6 % du prix d’adjudication
Las, après avoir fait expertiser le bijou, par un laboratoire suisse, la société belge refuse de le payer : la pierre ne serait pas un chrysobéryl… mais un quartz, ce que confirmera un second laboratoire, français, sollicité par les deux experts en joaillerie. Or, la différence de valeur de ces deux pierres est immense : le quartz chatoyant est relativement commun, tandis que le chrysobéryl œil de chat est rare, et fort recherché.
En principe, Mme X devrait accepter d’annuler la vente, et de rendre l’avance à Joron-Derem. Mais elle s’y refuse. La société de vente aux enchères n’a donc d’autre choix que de l’assigner en justice… bien qu’elle soit sa meilleure cliente. Le 14 novembre 2019, le tribunal de grande instance de Paris prononce l’annulation de la vente pour erreur sur la substance, et condamne Mme X à rembourser les 14 000 euros avancés.

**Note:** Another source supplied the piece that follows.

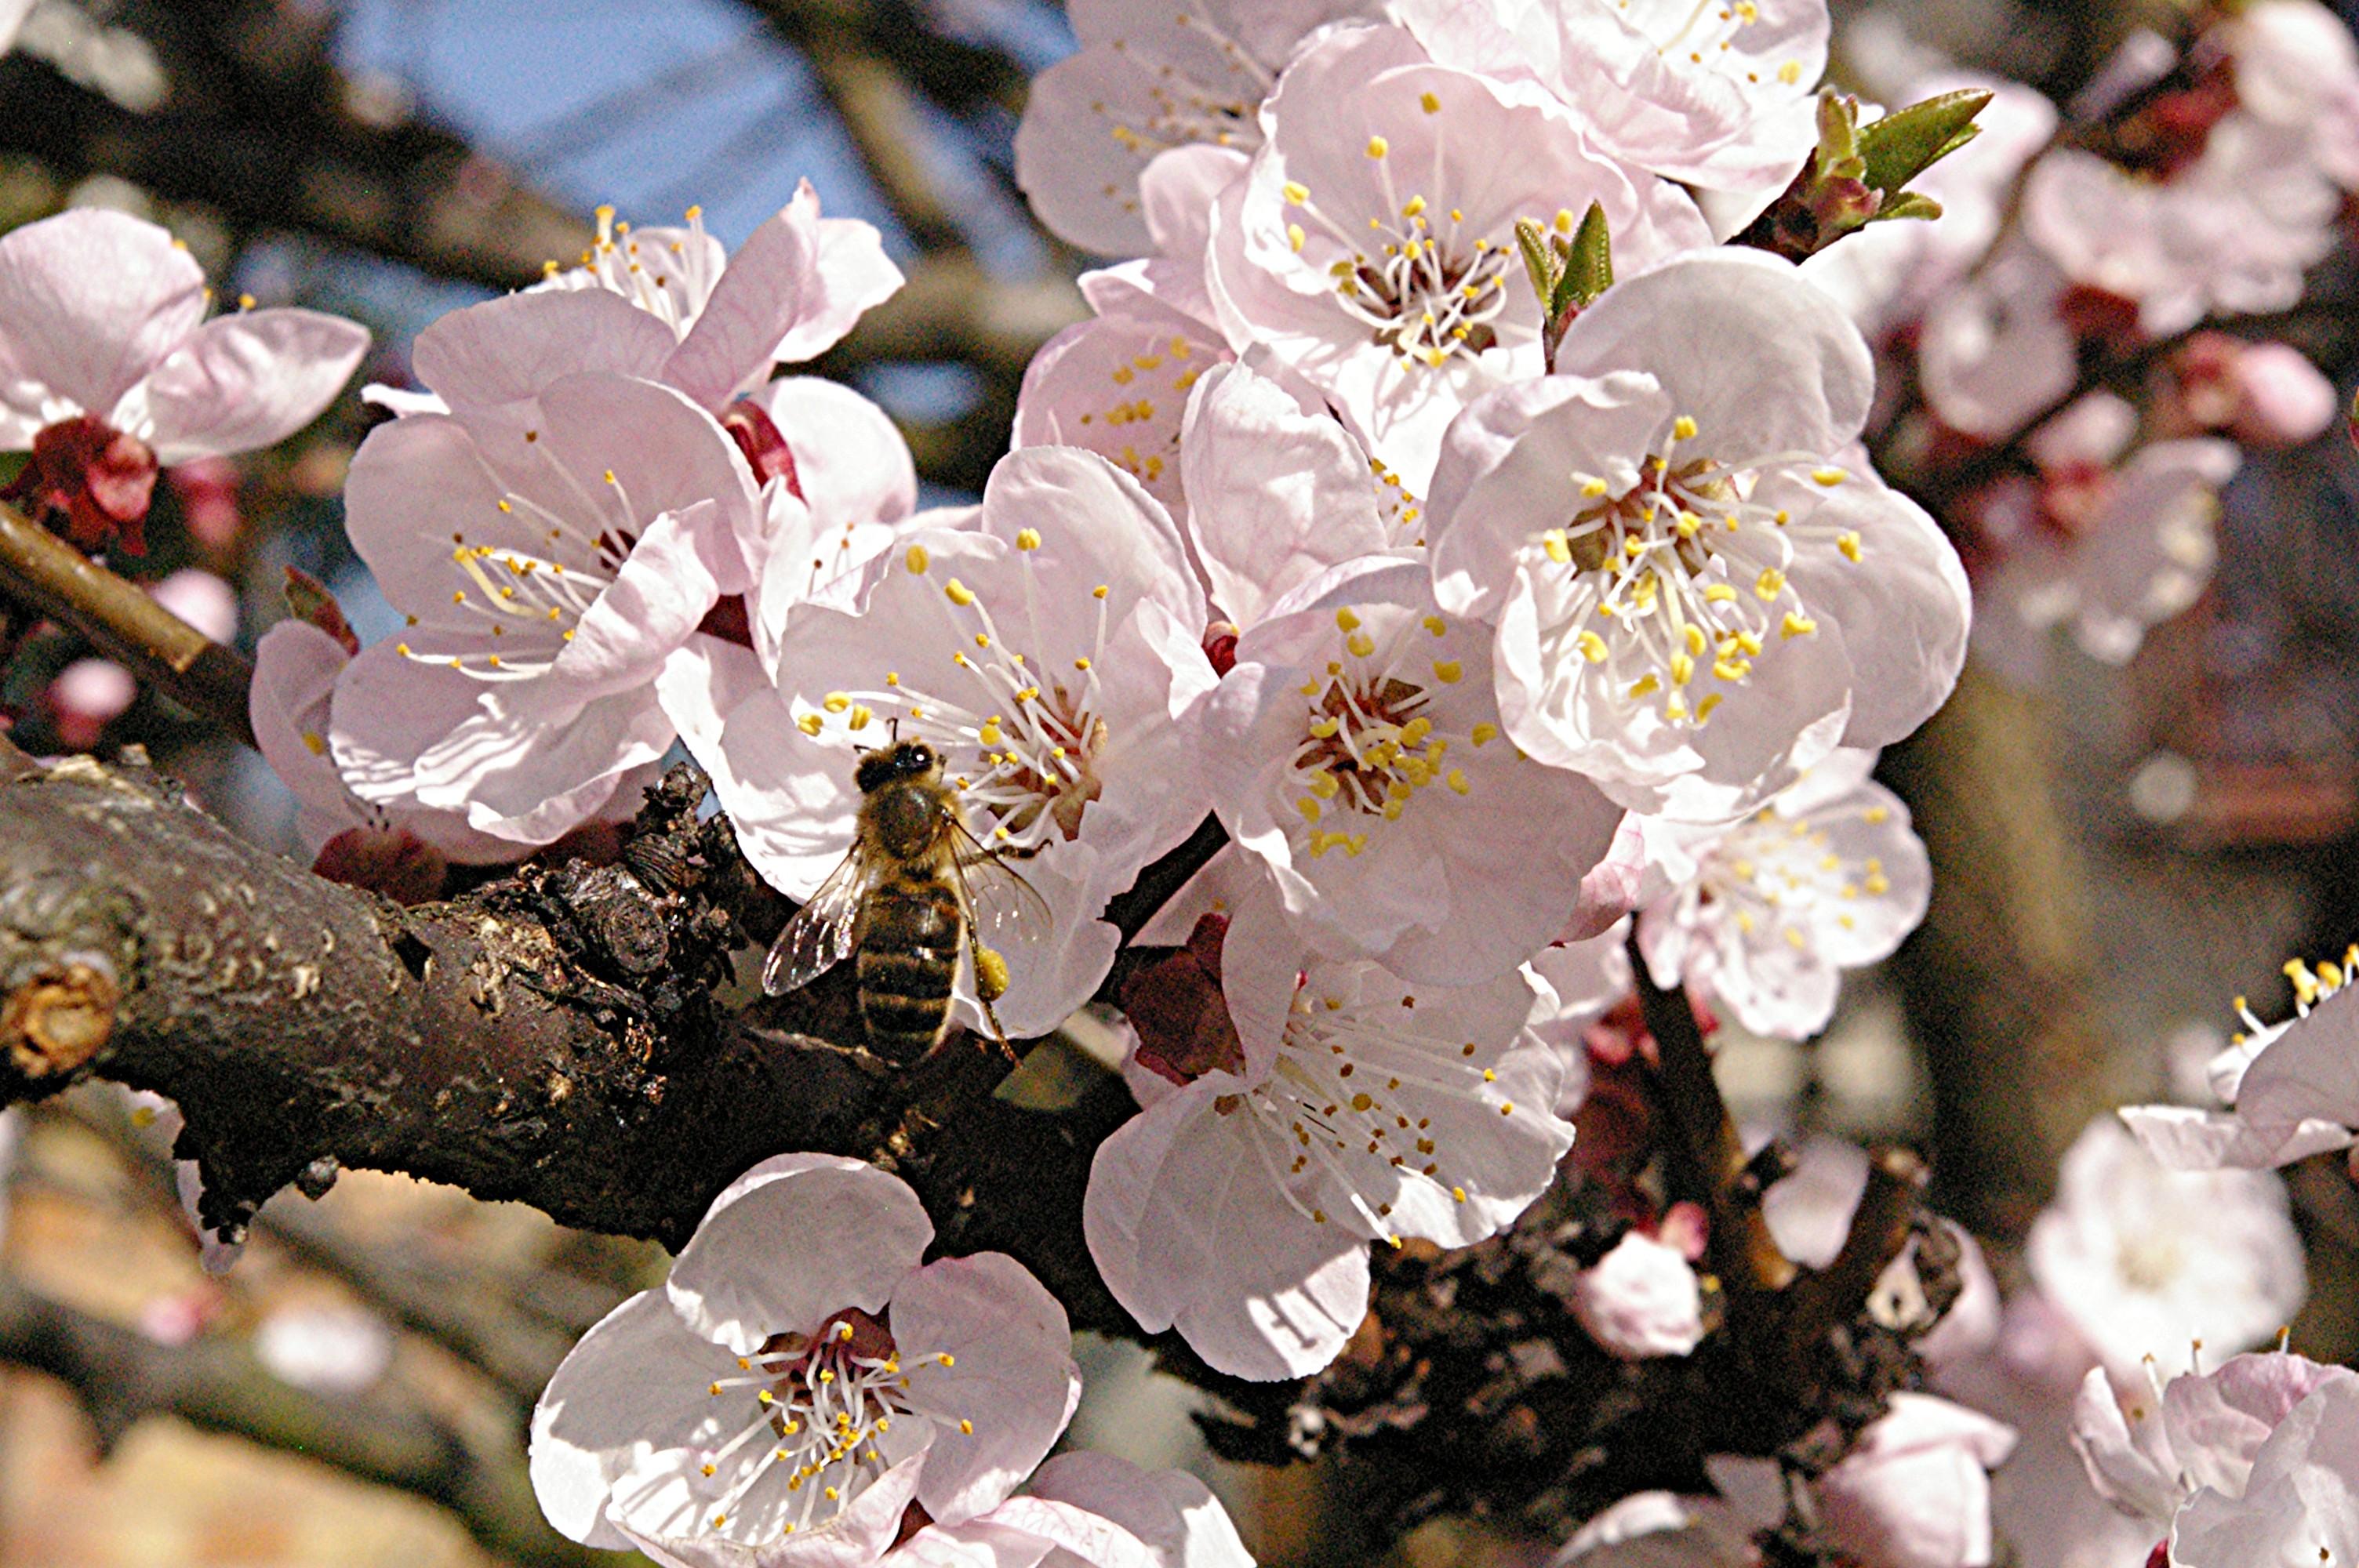 abricotier 19 03 2009 2 015-1
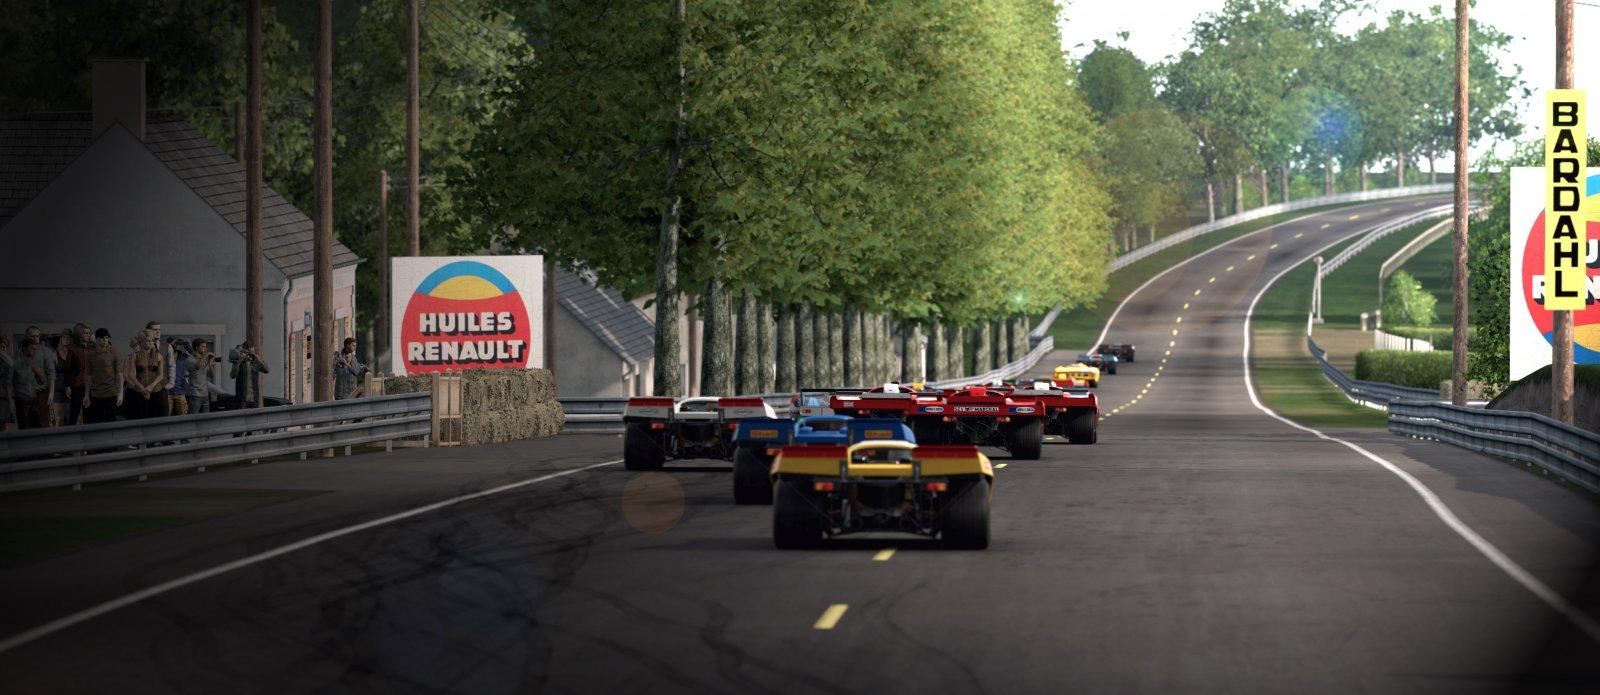 Project CARS 2 Screenshot 2018.06.06 - 00.30.42.00k.jpg

La société Joron-Derem poursuit la procédure, afin d’être indemnisée de la « faute » commise par les experts. Elle reproche à MM. Y et Z de s’être contentés d’un examen du bijou à l’œil nu, alors que, pour rendre leur avis, ils prenaient 6 % du prix d’adjudication, et qu’ils savaient que le quartz chatoyant et le chrysobéryl œil de chat sont très similaires.
La cour d’appel de Paris lui donne raison, le 4 octobre 2022. Elle considère que c’est « sans en établir la preuve » que les experts soutiennent qu’il leur était « impossible de mesurer l’indice de réfraction de la pierre, (…) sans [la] dessertir (…) ». Elle constate que le laboratoire d’analyses français précise avoir fait cette mesure, « la pierre sertie ». Elle juge donc que « MM. Y et Z ont commis une faute », et que « leur responsabilité doit être retenue ».
Elle les condamne à payer 3 000 euros au titre du préjudice matériel, qui résulte notamment de la privation des honoraires de vente, et 2 000 euros au titre du préjudice moral : la société, juge-t-elle, « a vu son image dépréciée, du fait que l’adjudication de l’un des lots les plus prestigieux de sa vente a fait l’objet d’une annulation en justice pour erreur sur la substance ».